Ivan Provilkov, Zain Hasan, Max Ryabinin

We're excited to announce that the Together Fine-Tuning Platform now supports Direct Preference Optimization (DPO)! This technique allows developers to align language models with human preferences creating more helpful, accurate, and tailored AI assistants. In this deep-dive blogpost, we provide details of what DPO is, how it works, when to use it and code examples. If you'd like to jump straight into code have a look at our code notebook.

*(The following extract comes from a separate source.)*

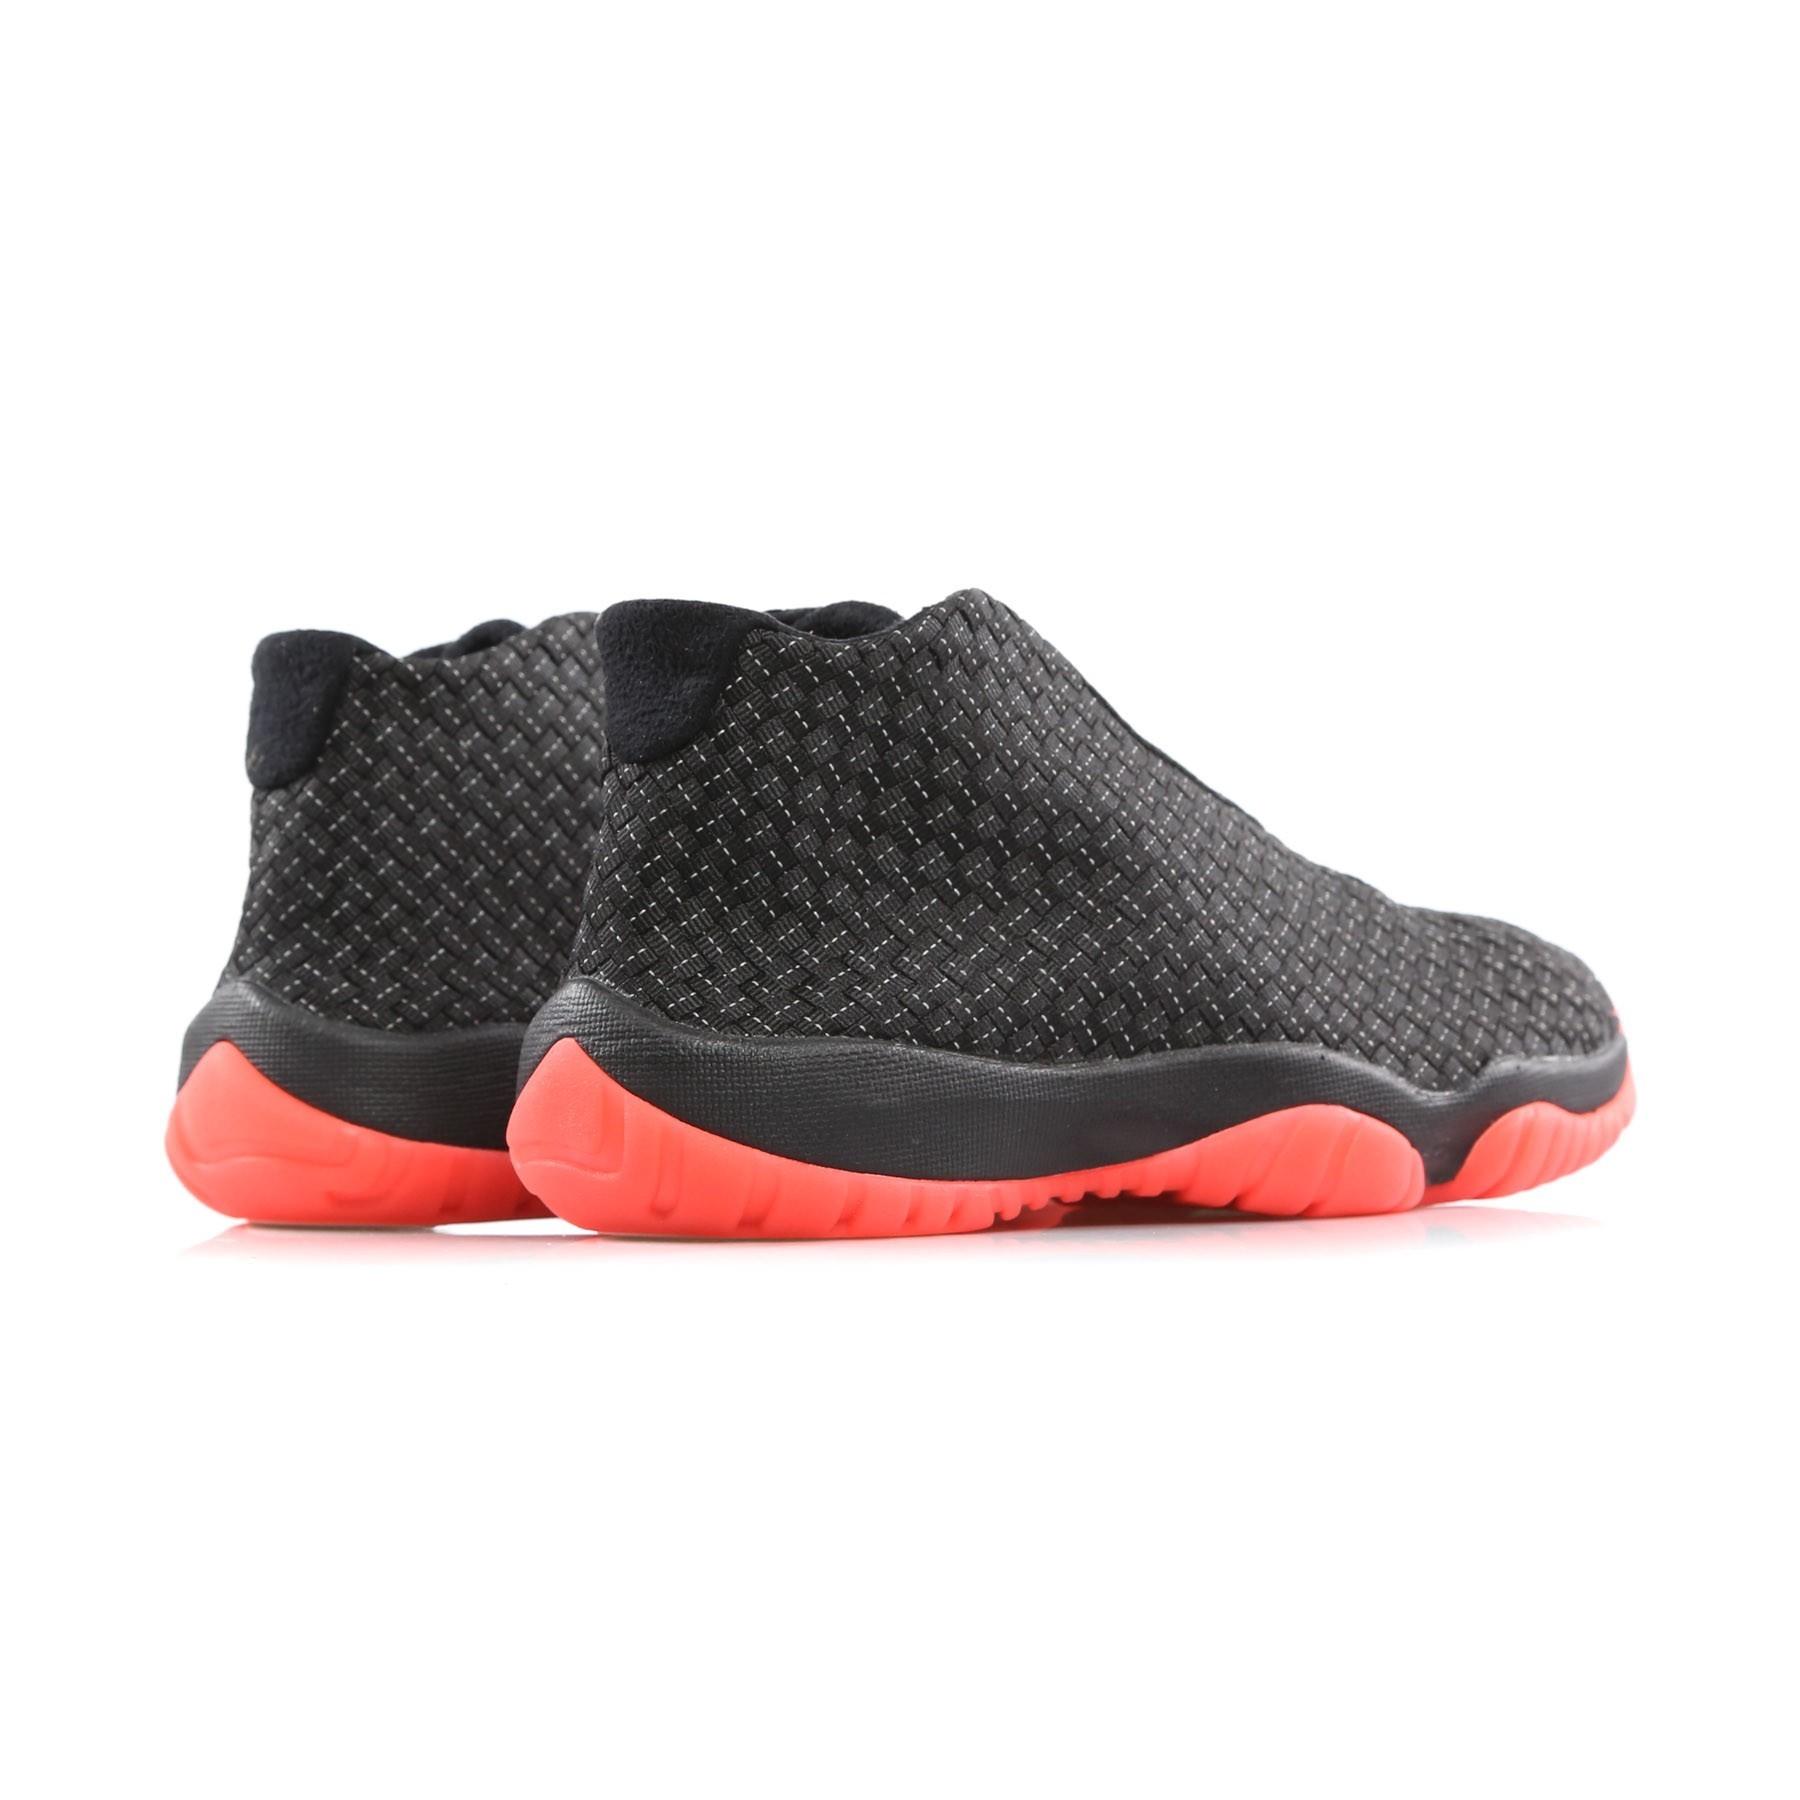 5fe86d918eeeb6 ... black glow 5b960 cad5f  norway scarpa alta air jordan future premium  f1f1d 1e364

Tuning LLMs on Preference Data

Modern language model development typically follows a three-stage process:

Pre-training on internet-scale data to build a foundation model with broad knowledge
Supervised fine-tuning (SFT) on specific high-quality examples to adapt a model to a particular knowledge domain or task‍
Preference-based learning to refine the model based on human preferences

Source. Great talk about this here: State of GPT - Karpathy Talk

This final stage, preference learning, is where DPO comes in as an alternative to Reinforcement Learning from Human Feedback (RLHF). It ensures that models not only perform tasks correctly but do so in ways that users prefer. It also allows users to teach the model nuances of a particular use case by showing examples of what is expected and what the model should avoid. Business use cases where you might employ DPO are to improve:

Helpfulness
Tone
Truthfulness
Harmlessness
Instruction-following

Preference tuning shapes the model's generation quality and alignment with human and business values.

What is Direct Preference Optimization?

DPO is a method for aligning language models with human preferences without using reinforcement learning (RL). Unlike traditional approaches, DPO allows you to train language models directly on preference data consisting of:

A prompt or instruction
A preferred (chosen) response
An unpreferred (rejected) response

For example, you might have a dataset entry like this:

    
      {
        "input": {
          "messages": [
            {
              "role": "assistant",
              "content": "Hello, how can I assist you today?"
            },
            {
              "role": "user",
              "content": "Can you tell me about the rise of the Roman Empire?"
            }
          ]
        },
        "preferred_output": [
          {
            "role": "assistant",
            "content": "The Roman Empire rose from a small city-state founded in 753 BCE. Rome expanded across the Italian peninsula. After the Punic Wars, it grew even stronger, and in 27 BCE, Augustus became the first emperor, marking the start of the Roman Empire."
          }
        ],
        "non_preferred_output": [
          {
            "role": "assistant",
            "content": "The Roman Empire rose due to military strength and strategic alliances."
          }
        ]
      }

DPO adjusts the model weights to increase the probability of generating responses like the preferred one while decreasing the probability of generating responses like the rejected one. It essentially teaches the model to distinguish between better and worse responses for a given prompt.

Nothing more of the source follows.